### A Demonstration of Training and Evaluating A Toxicity Classifier
Thomas Zeng
9/20/22

## Notebook setup

Autoreload extension is used so that everyime you modify python files imported by notebook, you don't have to restart the notebook

In [1]:
%load_ext autoreload
%autoreload 2 # 2 is mode where every file you import gets reloaded when you run a block

In [4]:
import torch
from utils import load_jigsaw
from dataloaders import InfiniteDataLoader
from models import BertClassifier
from train_eval import train, evaluate

Pytorch can do it's computation in three modes.

1. Cuda: if you have a Nvidia gpu and you have a version of PyTorch installed that has cuda enabled (fastest speed)
2. Metal: if you have an Apple device with Apple Silicon (M1 or M2) -- this implementation of PyTorch is new, not feature complete and rather buggy (medium speed)
3. CPU: this is just the cpu (slowest speed)

In [5]:
if torch.cuda.is_available():
    print('Using GPU')
    DEVICE = torch.device('cuda')
elif torch.backends.mps.is_available() and torch.backends.mps.is_built():
    # macbooks can use metal if the right version of pytorch is installed
    print('Using Metal')
    DEVICE = torch.device('mps')
else:
    print('Using cpu')
    DEVICE = torch.device('cpu')

Using Metal


## Data Initialization

Pytorch requires its datasets to be ascessible following the [datasets api](https://pytorch.org/tutorials/beginner/basics/data_tutorial.html#creating-a-custom-dataset-for-your-files).


In [29]:
train_data, test_data = load_jigsaw(device=DEVICE, demo_mode=True) #demo_mode=True only loads a subset of entire dataset so as to make training faster for demonstration purposes

100%|██████████| 10000/10000 [00:06<00:00, 1481.56it/s]
100%|██████████| 1000/1000 [00:00<00:00, 1519.90it/s]
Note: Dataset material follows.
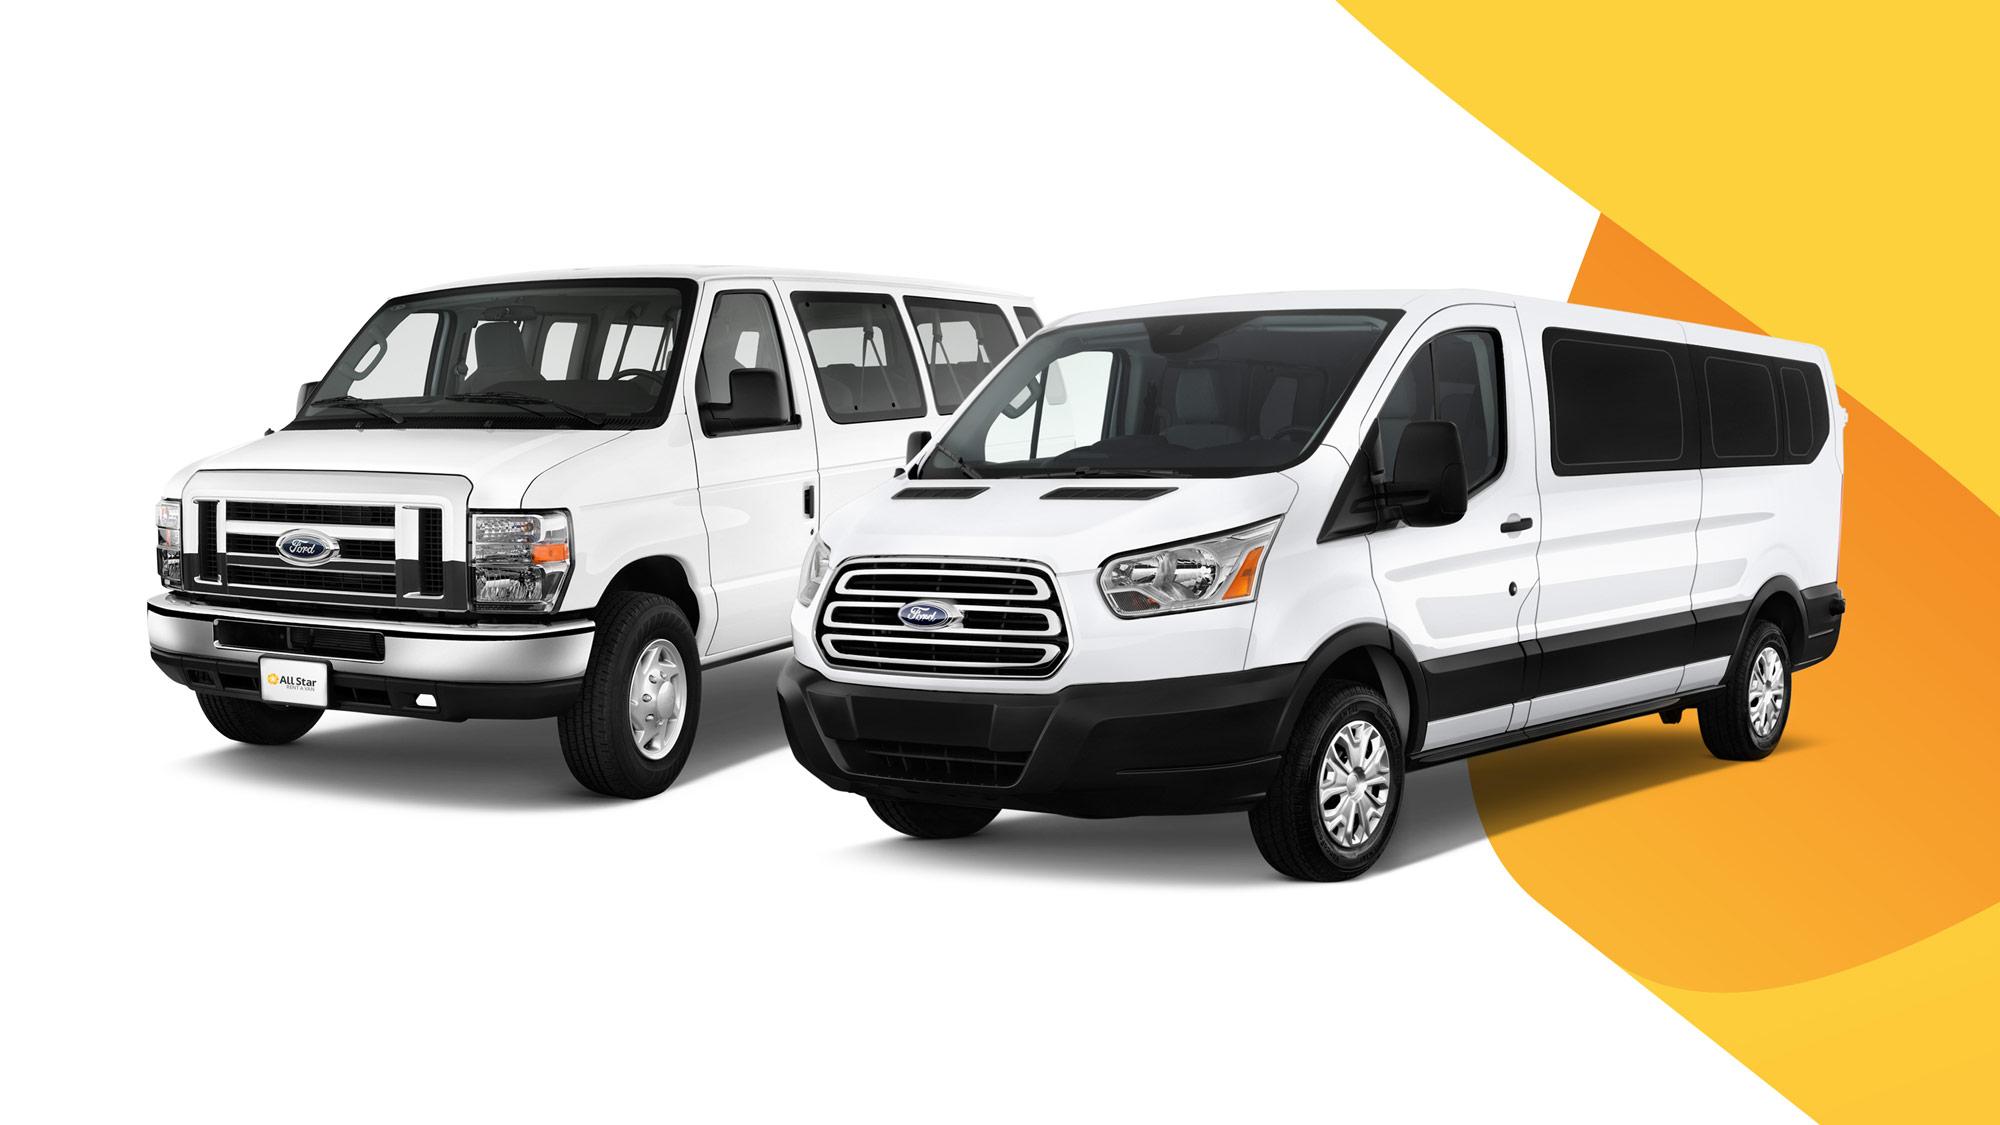 All Star Rent A Van San Diego s Premier Van Rental Service

PyTorch models receive data for training and inference through a dataloader. A dataloader samples from a dataset and returns a batch of samples each time it is called.

In [53]:
train_loader =  InfiniteDataLoader(train_data, batch_size=16)
test_loader = InfiniteDataLoader(test_data, batch_size=32)
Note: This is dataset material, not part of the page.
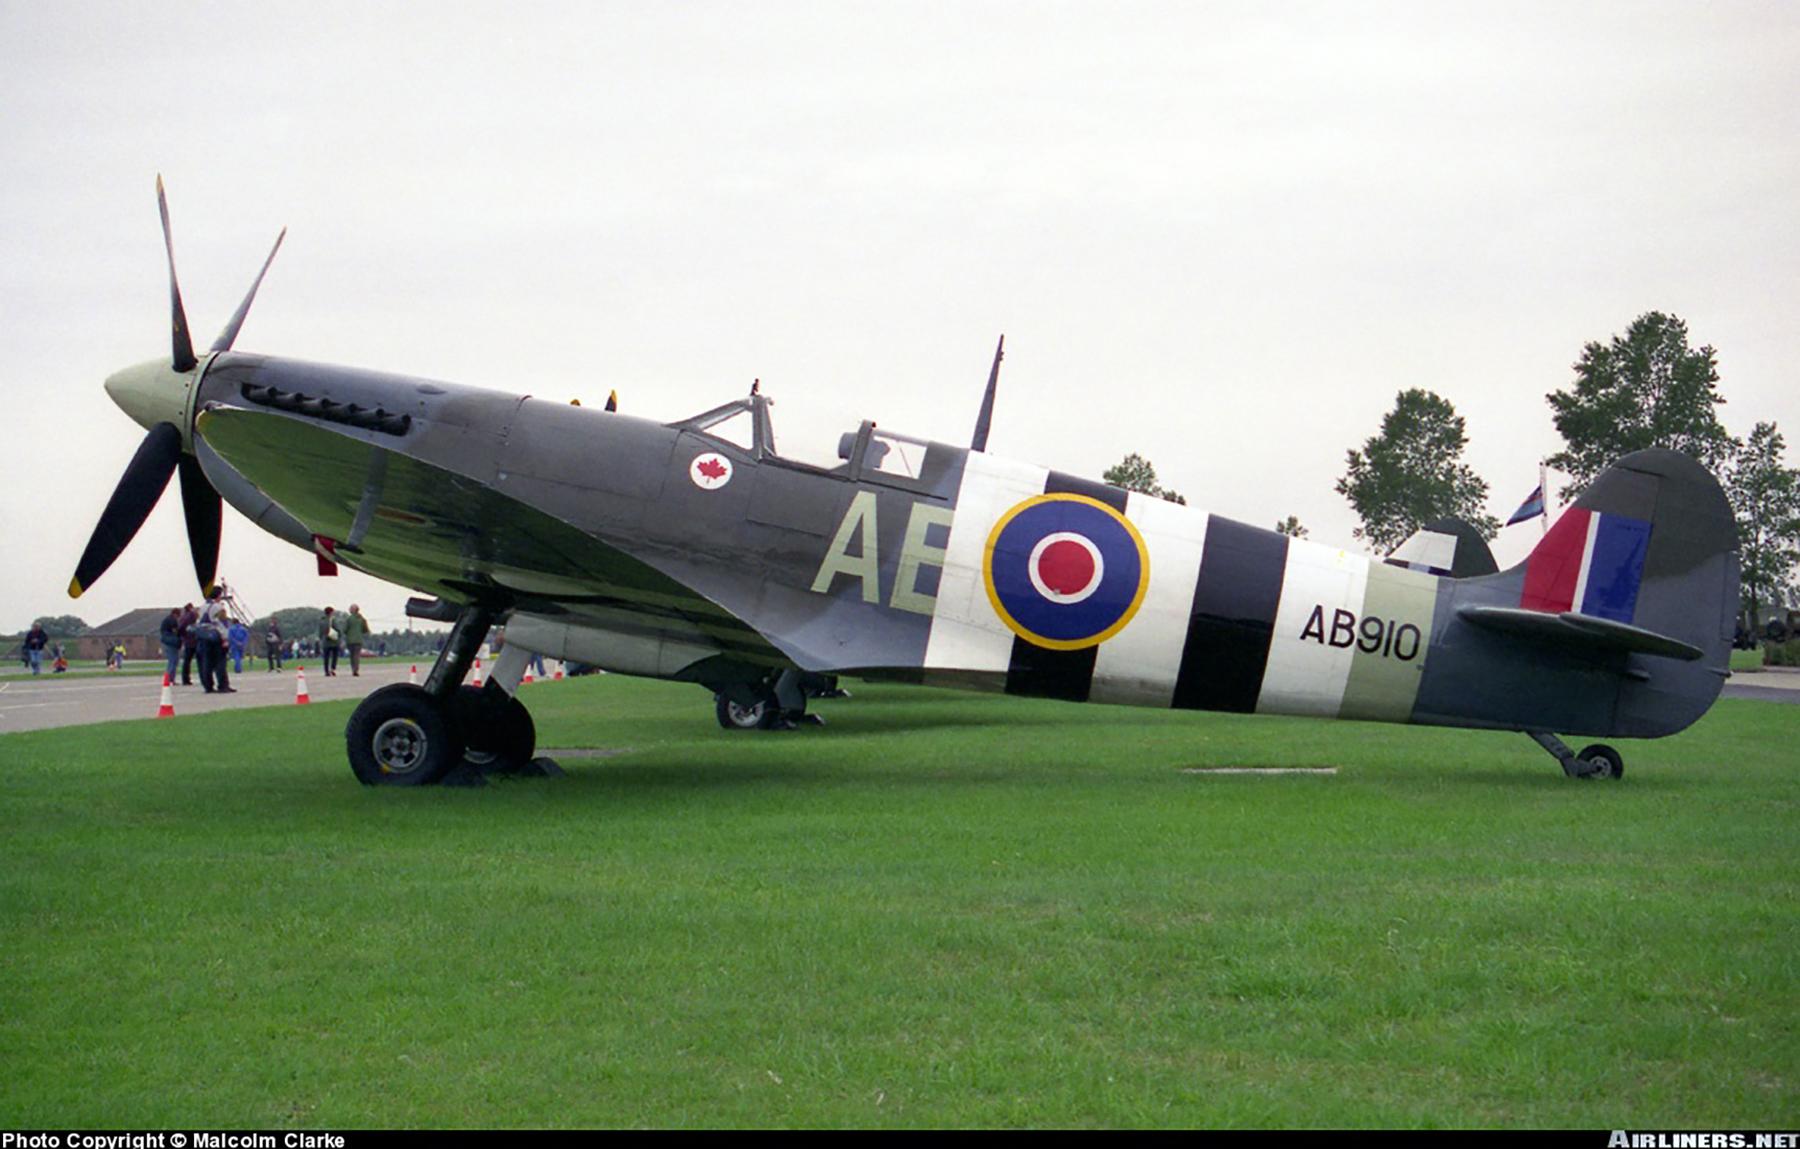 Airworthy Spitfire warbird RCAF AE AB910 01

## Model and Training Stuff Initialization

For our model, we use transfer learning, i.e. we use a pre-trained model -- DistilBert -- implemented by HuggingFace. Our `BertClassifier` is a simple wrapper arround their model.

In [50]:
model = BertClassifier(device=DEVICE)

Some weights of the model checkpoint at distilbert-base-uncased were not used when initializing DistilBertForSequenceClassification: ['vocab_layer_norm.bias', 'vocab_projector.weight', 'vocab_transform.weight', 'vocab_projector.bias', 'vocab_layer_norm.weight', 'vocab_transform.bias']
- This IS expected if you are initializing DistilBertForSequenceClassification from the checkpoint of a model trained on another task or with another architecture (e.g. initializing a BertForSequenceClassification model from a BertForPreTraining model).
- This IS NOT expected if you are initializing DistilBertForSequenceClassification from the checkpoint of a model that you expect to be exactly identical (initializing a BertForSequenceClassification model from a BertForSequenceClassification model).
Some weights of DistilBertForSequenceClassification were not initialized from the model checkpoint at distilbert-base-uncased and are newly initialized: ['classifier.weight', 'classifier.bias', 'pre_classifier

An epoch is the number of times you go through your datase during training. That is you have trained for 1 epoch when you have seen every sample in your training dataset once.<br>
The loss function is the training objective we want our model to minimize.<br>
The optimizer is used at every time step i.e. everyime we compute the loss and its gradient. It is used to update the model weights.

In [51]:
epochs = 5
loss_fn = torch.nn.CrossEntropyLoss()
optimizer = torch.optim.AdamW(model.parameters(), lr=0.001)

## Train and Evaluation

We train for 5 epochs

In [56]:
for epoch in range(epochs):
    print(f'Epoch {epoch+1}/{epochs}')
    train(train_loader, model, loss_fn, optimizer, verbose=True, use_tqdm=True)

Epoch 1/5


  2%|▏         | 14/625 [00:36<26:28,  2.60s/it] 


KeyboardInterrupt: 

We evaluate our reults on the test data.

In [54]:
evaluate(test_loader, model, get_loss=True, verbose=True)

100%|██████████| 32/32 [00:17<00:00,  1.84it/s]

Loss: 0.69342440366745
Accuracy: 0.497, Sensitivity: 0.994, Specificity: 0.0





(tensor(0.6934), 0.497, 0.994, 0.0)

Our results are pretty bad, which suggests we need hyperparameter tuning.